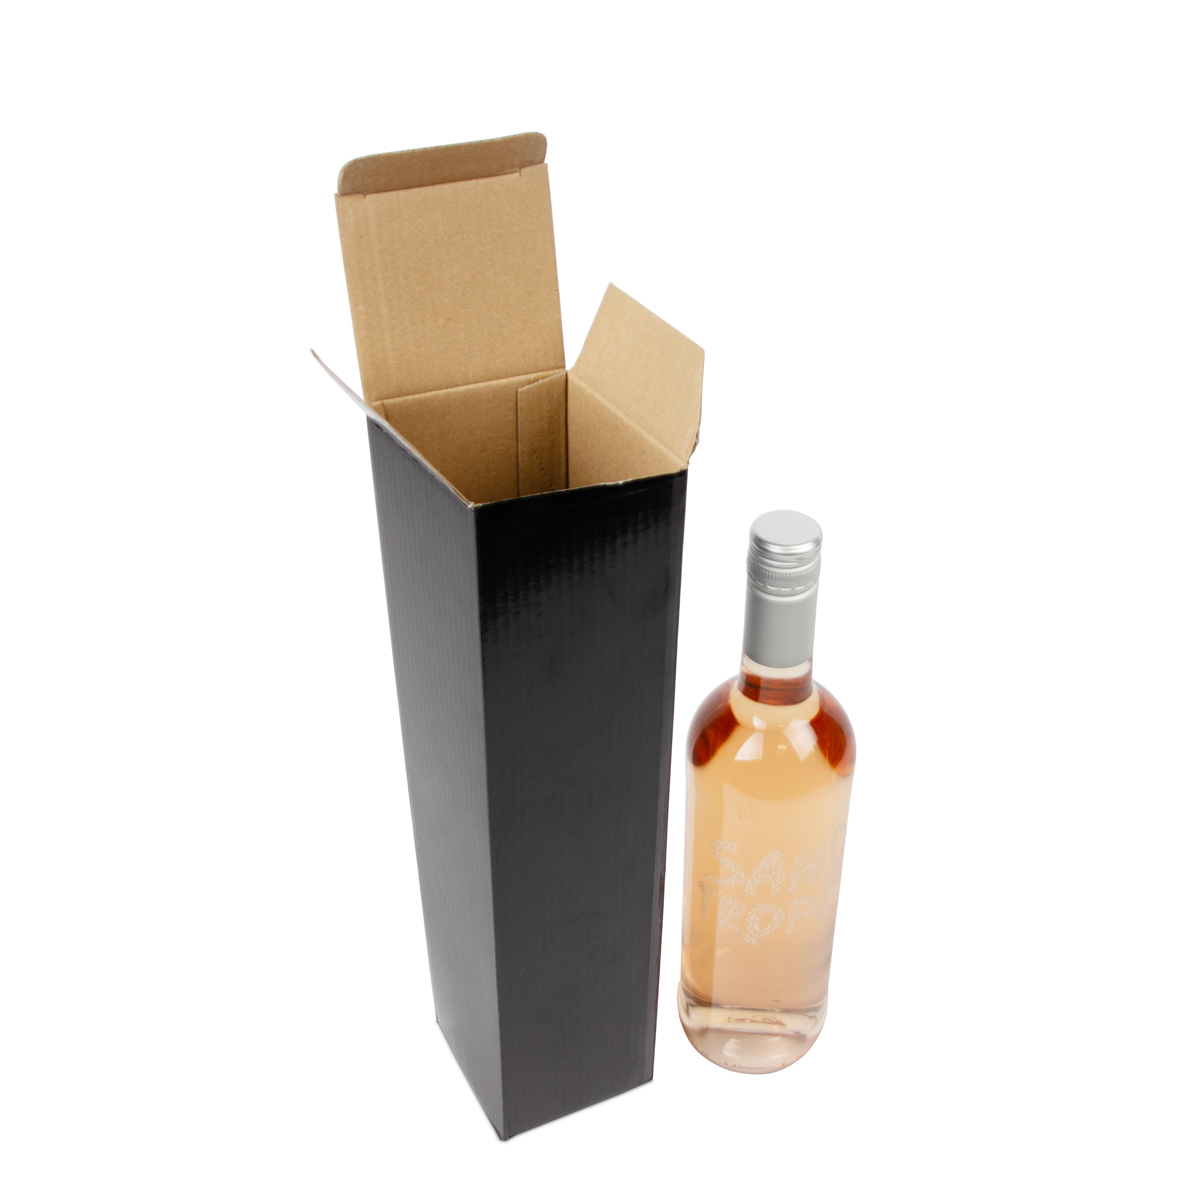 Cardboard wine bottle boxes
* * *
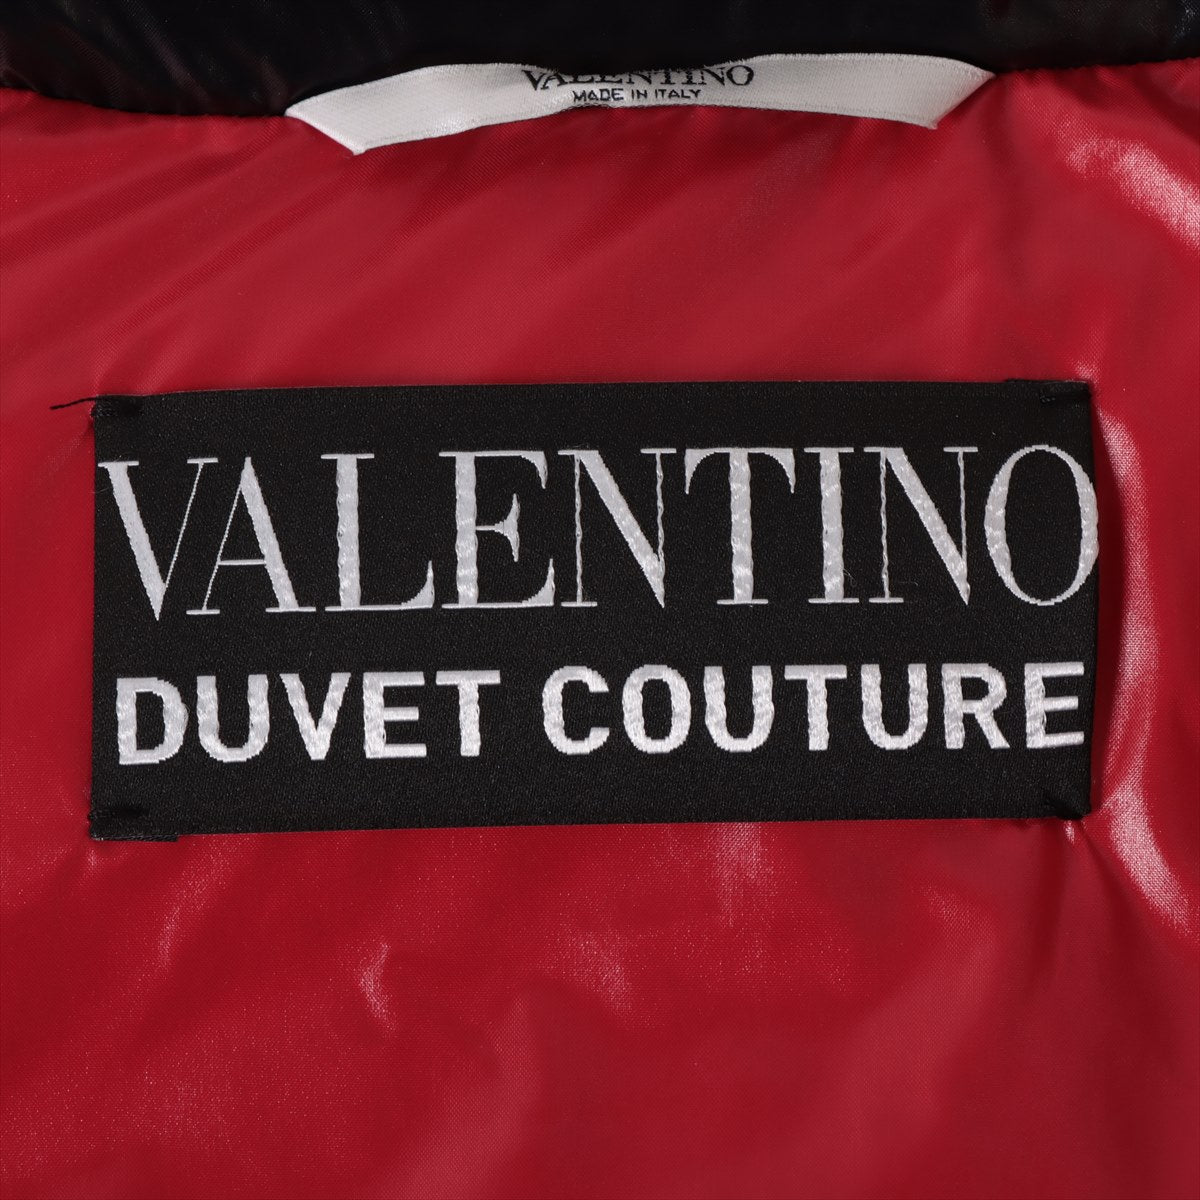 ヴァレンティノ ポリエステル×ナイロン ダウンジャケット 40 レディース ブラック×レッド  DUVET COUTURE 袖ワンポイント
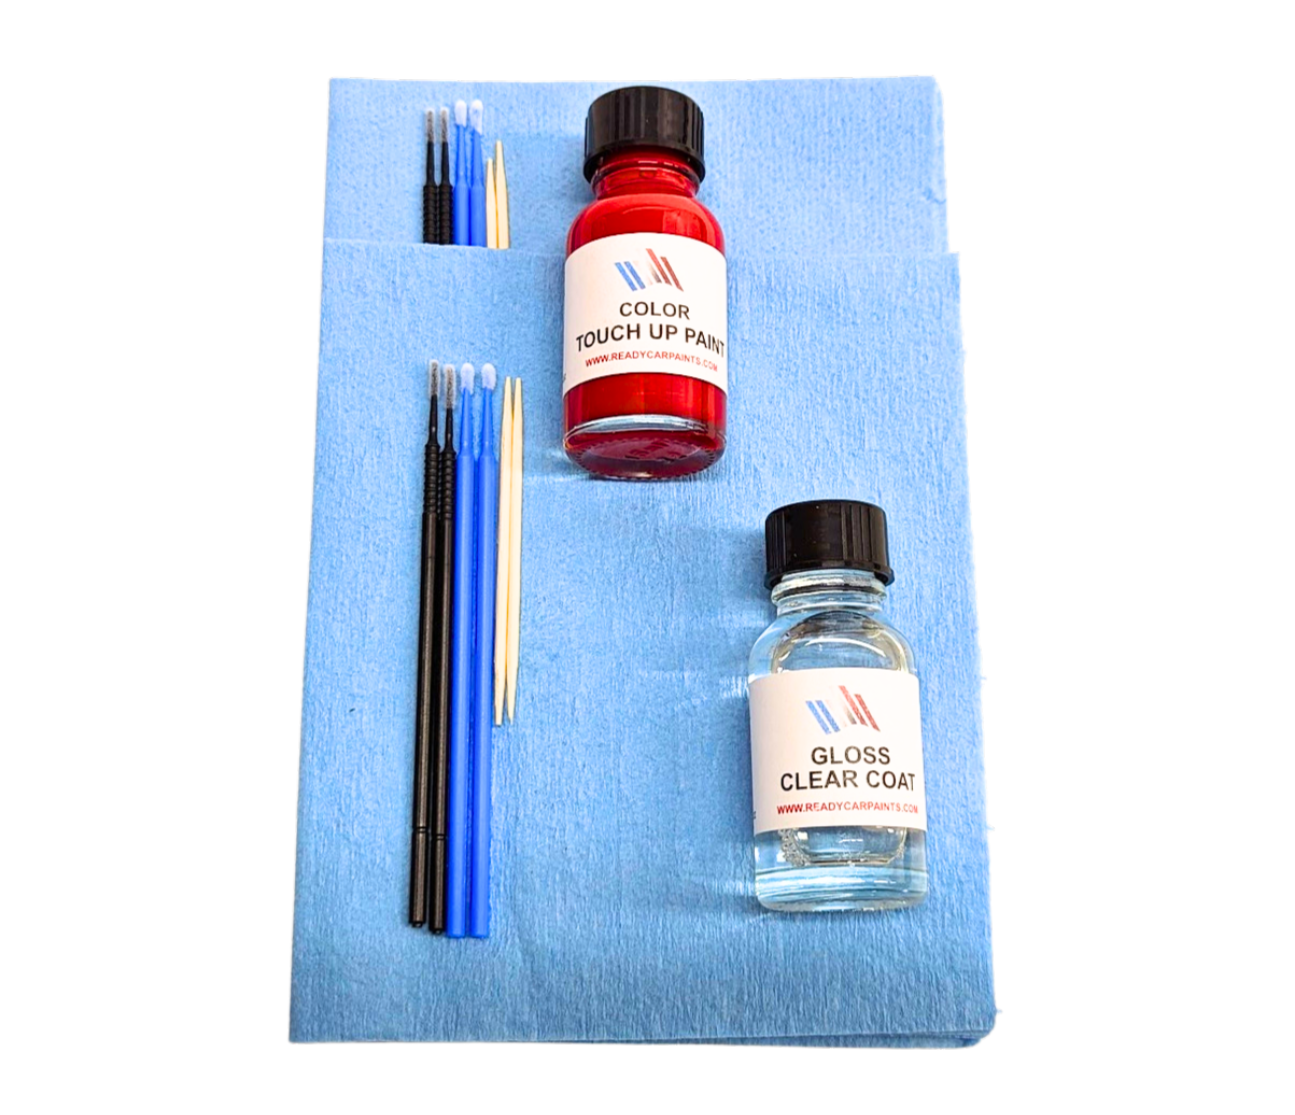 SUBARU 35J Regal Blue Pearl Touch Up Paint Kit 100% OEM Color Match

WHAT THE EXERCISE ASKS: Copy exactly, without pictures, the lines above from the one with "ヴァレンティノ ポリエステル×ナイロン ダウンジャケット" down to the one with "SUBARU 35J Regal", inclusive.

TASK ANSWER:
 ヴァレンティノ ポリエステル×ナイロン ダウンジャケット 40 レディース ブラック×レッド  DUVET COUTURE 袖ワンポイント
 SUBARU 35J Regal Blue Pearl Touch Up Paint Kit 100% OEM Color Match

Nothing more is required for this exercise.